Friday, December 01, 2006

December Is Come!!!

Whoo Hoo!

I have received my first (and I suspect only)
Christmas gift, it came in the mail

slipped between the lips of a card
a CD of songs, sung between best friends
how sweet.

So, randomness is me.

Everytime I look at my ketiak I think of aunty Pat
I better be as lucky man.

Why does water have to be so complicated?
Still, sparkling, distilled, hard, soft
Jay-sus.

You know, I was sitting outside YM's school today
looking at young teenage girls
(not that way, you perv!)
and I realised that I don't remember
the period between having breasts and none

You get me?

I don't remember the lumpy training-bra period
I feel like a life-altering chunk of my life
is lost.

Also sitting in same spot
I wondered if its illegal for 23
(god, I am 23!)
year olds to perv at (what they hope are) 17 year old boys?

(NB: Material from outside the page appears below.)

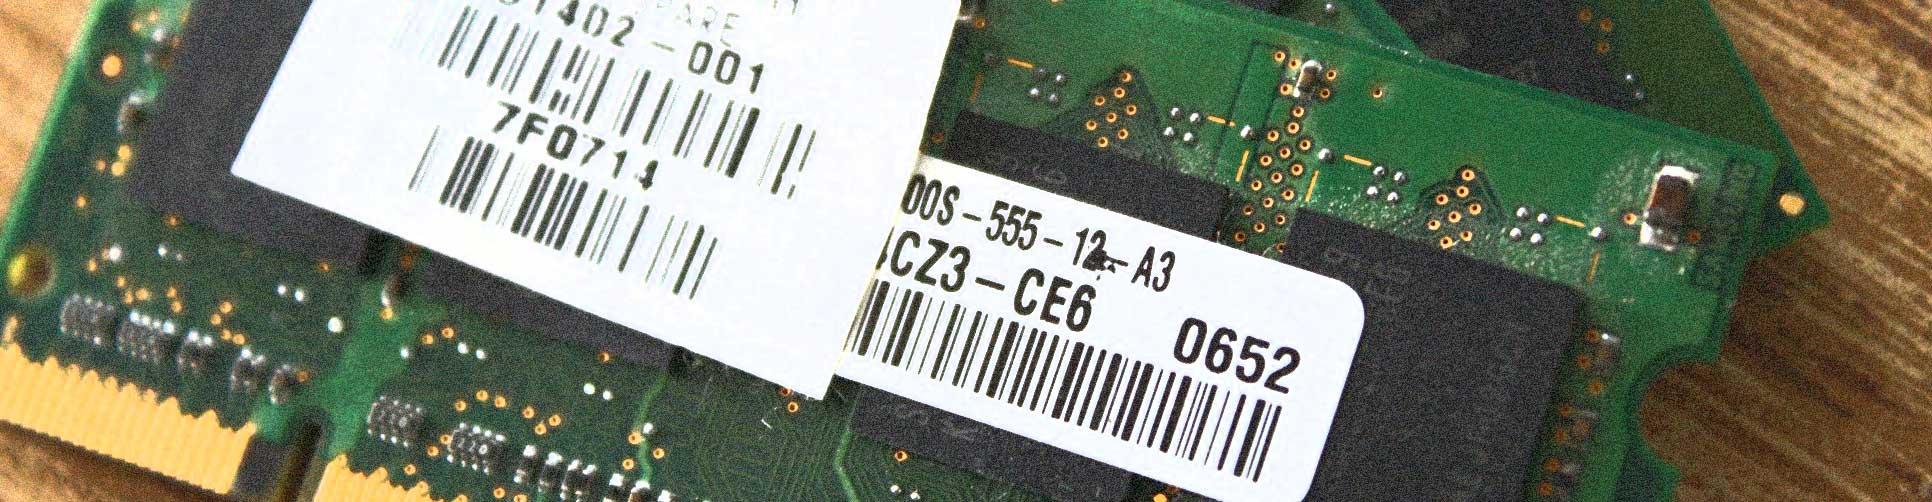 venta-de hardware-puerto-vallarta
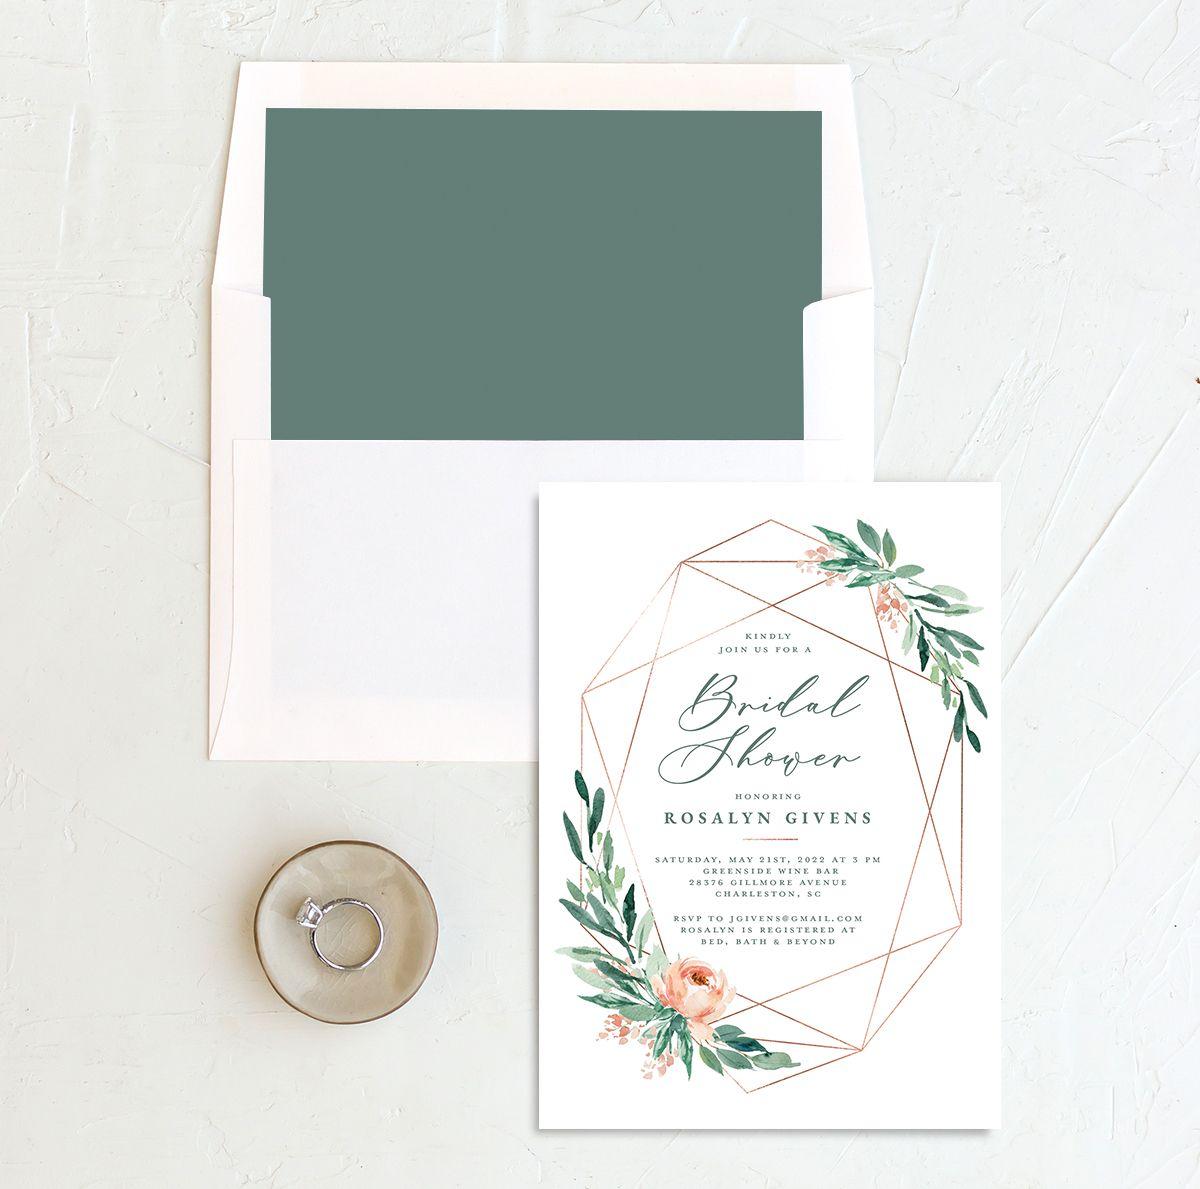 Gilded Botanical Bridal Shower Invitation front with DIY liner in green

And still there, I thought about how much I want kids;
you should see them, tiny tots in karate suits
bitchy teenage girls and pimply boys
there is this split second flash
when parents pick their child up
a tiny moment where both sides faces light
up with the sight of each other
the anticipation of knowing you're seeing
someone who loves you, unconditionally

And all these things made my mind wander further;
life.

Yesterday I spoke to people in 2 other countries
one just having got married, migrated (again)
another just having become a father, 3 days ago
one wondering where life will take her in the next few months
the other hit with the reality
that now there is not one, but three to take care of.

Me, I am here, trying to decide whether

I should go back to Penang next year, risk and start a business
or keep traveling, writing, experiencing

In another country another good friend has just sold
a lakeside mansion, a multi-million dream home
for the comforts of a cosy place a quarter the size
And that, represents a closed chapter

Another friend has missed a period
and knows that any choice she makes at this point
will change her forever

We are all making huge, life decisions here

All around the world, we are closing, opening doors
and I'm feeling this sudden rush
this inundation of choices, decisions
and I can't help but reflect on life 5 years ago
and life now
and how far I've come
how it seems like I've gotten on this roller-coaster
and can't get off;
adrenalin, eagerness to see over the next hill
and sheer terror at the prospect of what I might find.

Sometimes you just want to stop this train, catch your breath.

And when I look back, I can see so cleary, the girl I
used to be, lost to me now
and yet I can't pin-point exactly when she became a woman.